As ever, I’m fascinated by the discipline of musicians. A painter or writer need hardly even be conscious in order to work at her art, and indeed for many visual artists I’ve known, sketching and painting are almost a tic, involuntary, or a nervous habit that can’t be dropped. Musicians must practice. Moreover, they can spend hours — perhaps days — maybe even years — breaking apart a musical phrase, analyzing its components, and putting it back together again. Indeed, that process is what a master class encapsulates. I knew that Marilyn Horne’s master class would be instructive. Yet — even though I knew she’s a pistol — I wasn’t entirely prepared for how entertaining the evening would be. More than once, she had me in stitches.

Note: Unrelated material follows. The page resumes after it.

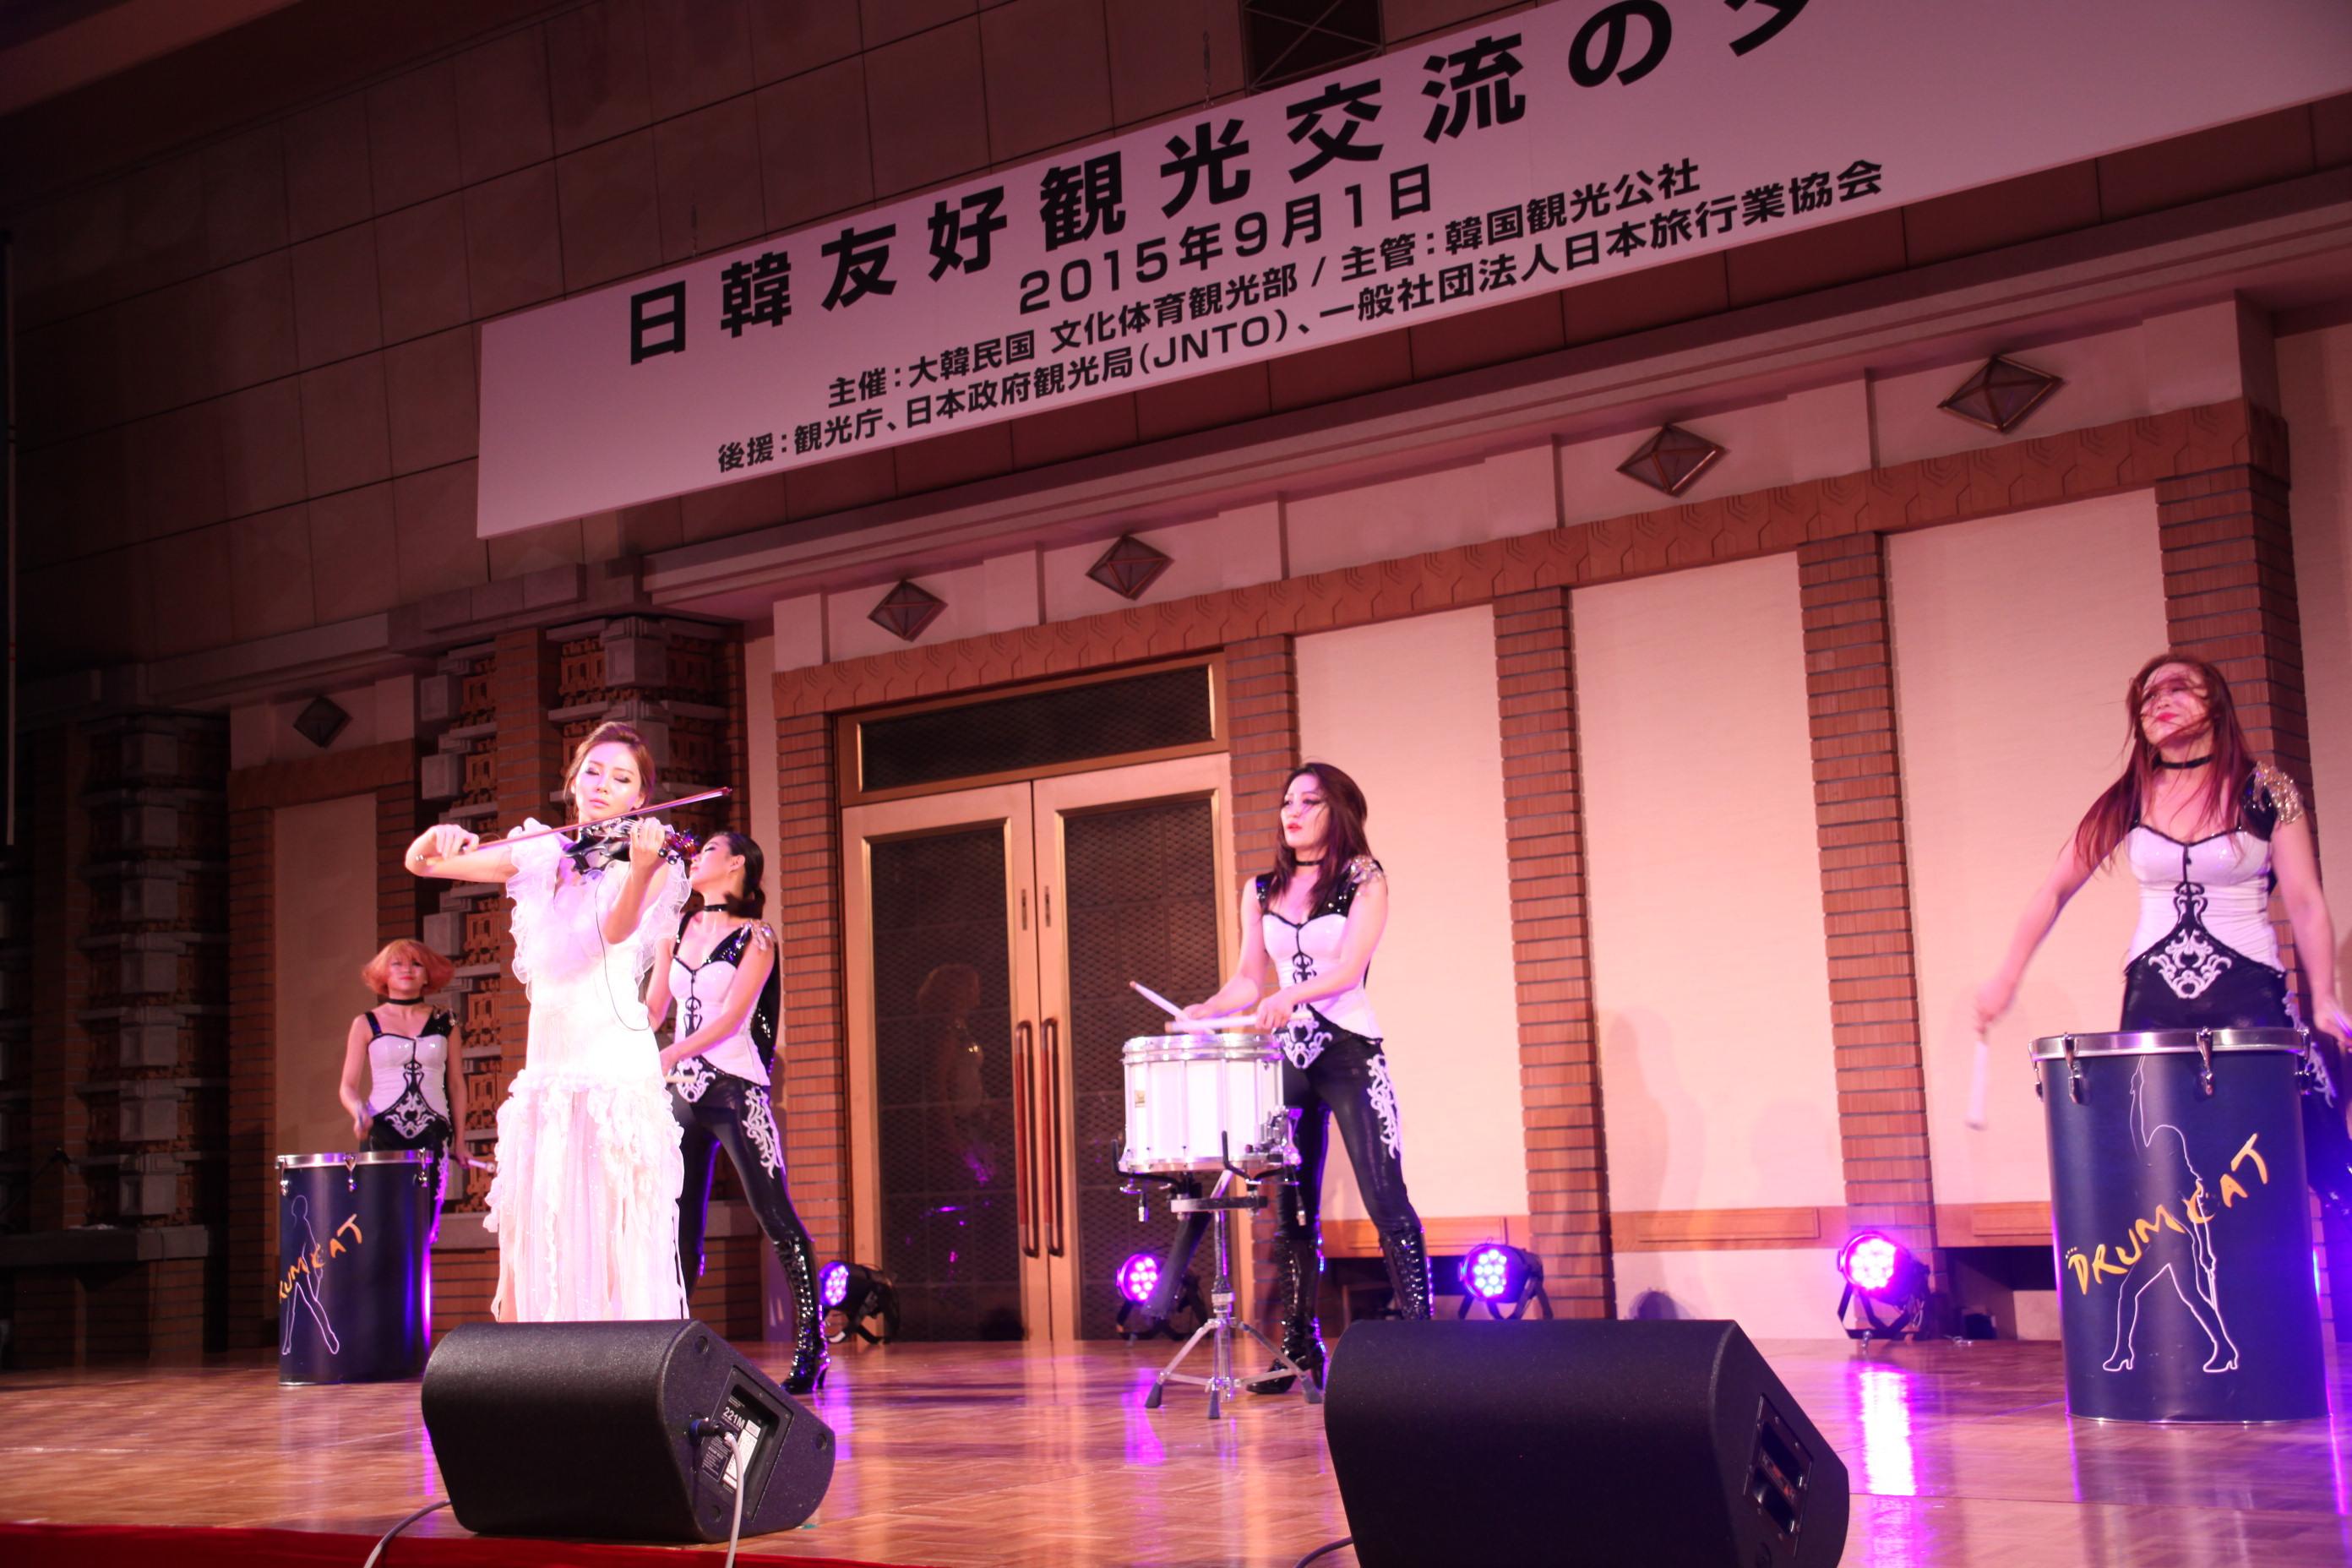 韓国、MERS終息で日本市場の早期回復へ、新作観光CMの放映開始も【動画】

As a service to myself, first and foremost, and maybe even to you, I took note of some of the smart things Marilyn Horne said on Wednesday evening. More than a few of her remarks contained wisdom applicable to almost any endeavor, so take heed. (All comments are those of Ms. Horne, except as noted.)

Long time, no see!
This is Legato City — but remember, we want all those consonants.
Why did you crescendo there? [Without waiting for an answer.] Because you didn’t want to support!
[At her suggestion, the singer and accompanist attempted to resume in the middle of a line. They failed.] It always happens! You try to shorten it, and you have to start from the beginning anyway.
If you’re gonna take a breath, you better take it fast. I don’t recommend doing without it.
I know you want to be glamorous.
Don’t be afraid.
I don’t think that’s a new [vocal] color.
What do mothers think about their children — mostly? They adore them. [Then, gleefully.] And then they get grandchildren!
Do you have to breathe there? Don’t!
Chickennnnn. [After a singer failed to attack a phrase.]
The only reason I moved your hands is I don’t want you standing there like studentesca.
Tie it up in a bow and serve it on a platter! One of the things we’ve got to learn as young singers — and even old singers — is you’ve got to end it.
You know the word Schwung? You need much more of it. The French call it élan. What do the Americans call it? I think we just call it Schwung.
[After a singer confessed she’d “listened to too many recordings” while preparing her song.] That might have been somebody who couldn’t hold the note!
[Moments later, Horne correctly identified the recording artist that the young singer had listened to.]
[In response to the lyric “If you only knew”] Do you know?
If somebody hears you breathe, it’s okay. That makes it more dramatic.
This is the glory of your voice! Now you’ve got to let ’er out. Not everybody has that.
Just slam your cords with some air.
It’s got to have some drama in it! The words! Always go with the words!
You know how bad the economy is if I read Paul Krugman before I do the crossword. [The audience laughed, but the young singer looked confused.] You know who he is? Big economist, Nobel Prize. Beside the point.
If you get this [song] really right, you’ve got one of the great encores of your life.
[When a young singer admitted that “I don’t know that I know” a particular piece.] I wanted you to learn it. I’ll survive.
[As the singer proceeded, Horne approached him and began to dance and sway before him.] I’m gonna direct you a little bit.
[To the accompanist] Be prepared! For everything.
Don’t think you can squeeze it out — everything is based on support.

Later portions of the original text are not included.